All of this takes place in a monumental grand tribunal hall in front of the assembled beings of the Unanima – a first page that’s just so huge in scale and brilliant in execution from Harrison.

Hours and hours of incomprehensible stuff pass by (and Cyd really needs a pee – another lovely little touch of the sort I speak about so often in terms of The Out) until, without any fanfare and much to Cyd’s surprise it’s all over and she’s un-guilty – again, alien court/tribunal, alien result.

But although the un-guilty verdict means no penalty, there is the small matter of the conditions attached to all this, something that’s obviously laying the ground for the next switch that Abnett and Harrison have in mind for the strip.

Again, it’s all so wonderfully done, Harrison’s pages are so full of stuff, but never come off as cramped or too busy. And there’s just so many styles being utilised, so many glorious little moments to choose. But I’m going with this…


In the midst of the shocking revelation for Cyd, Abnett and Harrison put in the delightful touch of Cyd taking off the heels that have probably been killing her after way too many hours than she expected before the tribunal.

And then we have that fabulous panel of Cyd highlighted in blue – with Harrison suddenly adopting a different look, almost something of the ’60s/’70s girls comics about it there.

Perfect, wonderful… The Out just never disappoints.

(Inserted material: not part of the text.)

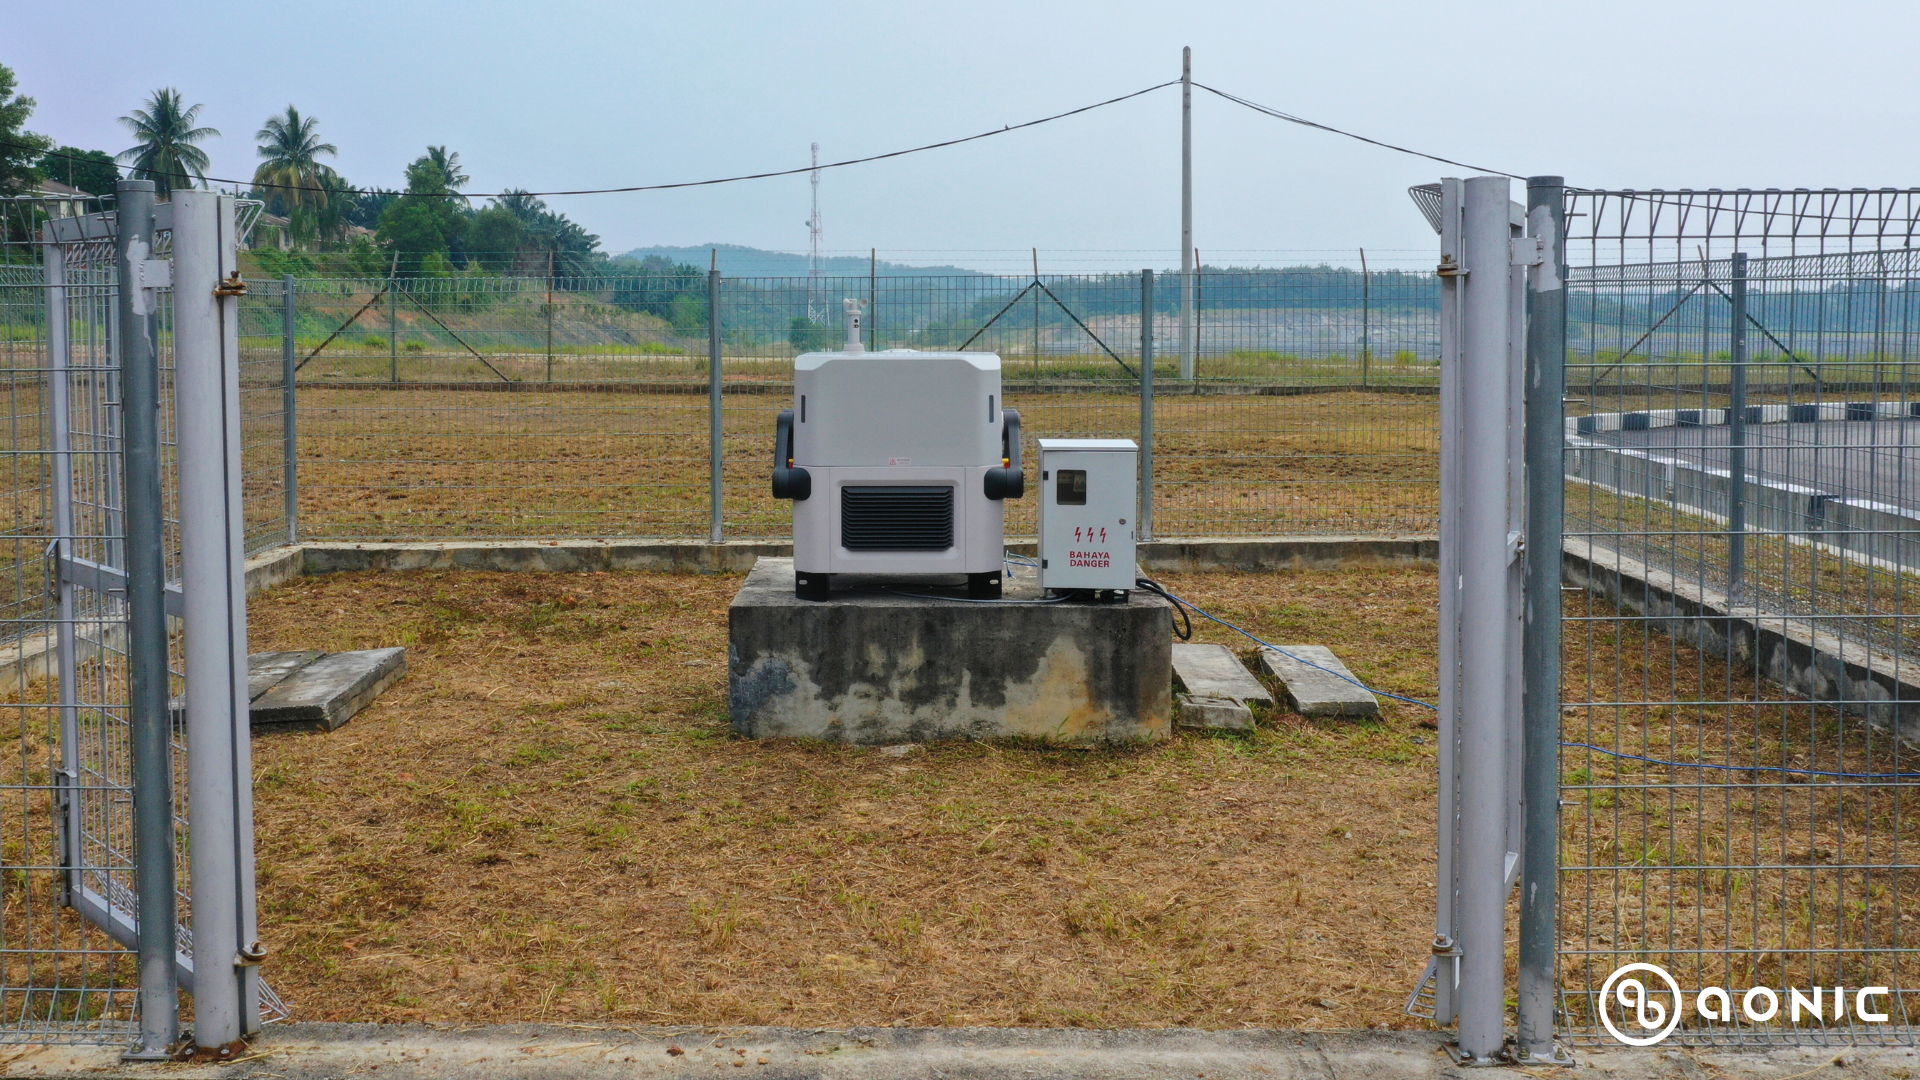 DJI Dock installed in a solar farm site

TERROR TALES: RITES – by Honor Vincent and Steve Yeowell, letters by Jim Campbell

A welcome return to Steve Yeowell’s artwork to the pages of the Prog here, as relative newcomer Honor Vincent delivers another great little done-in-one here, a Terror Tale that works so perfectly across just four pages – such a difficult thing to do but so great to read when it works as well as this.

Rites pivots from one fascinating idea – after the mass hauntings started, people such as Mara realise there’s money to be made ridding houses of ghosts for the families that can’t stomach it themselves – straight into another horrific idea, turning everything on its head in just a moment, a simple accident that transforms Mara’s young life.


It’s just a fabulously crafted Terror Tale, great idea, perfect execution. These shorts, whether Future Shocks, Terror Tales, or whatever else, have been a mainstay of 2000 AD for pretty much its entire history and seeing someone like Vincent get them so right shows you that they’re not going away any time soon.


PROTEUS VEX: CRAWLSPACE – PART 5 – Michael Carrol and Jake Lynch, colours by Jim Boswell, letters by Simon Bowland

More epic scale space opera to end the Prog again, as Proteus Vex continues to shine so brightly, Carroll and Lynch spinning a yarn that spans galaxies and centuries, has a truly epic scale, and is just chock full of fabulous storytelling and artwork.

Crawl Space’s structure has been switching between Vex himself, the backdrop to the Scorcher War, and the strange goings-on of Midnight Indicating Shame, Vex’s ex-comrade in arms, the rogue Citheronian who’s a damn sight more than the light relief others would have written her as.

This episode focuses on not just Midnight but her Queen, the Queen of Hive Regalis, one of the most ancient of all races in the universe. Well, ancient until compared to The Scorchers themselves.


The Scorchers have finally captured Midnight, bringing the Queen to contact them and request/demand that she’s returned to her race for punishment. This doesn’t exactly go down too well with the Scorchers’ leader Tsellest.

And in the course of their conversation, not only is Midnight’s fate seemingly sealed but there’s also a reveal at the end where the whole previous war suddenly appears in a different light.

Yes, always a fascinating strip, full of excitement and wonder, epic in scale, stunning artwork from Jake Lynch, magnificent storytelling from Mike Carroll.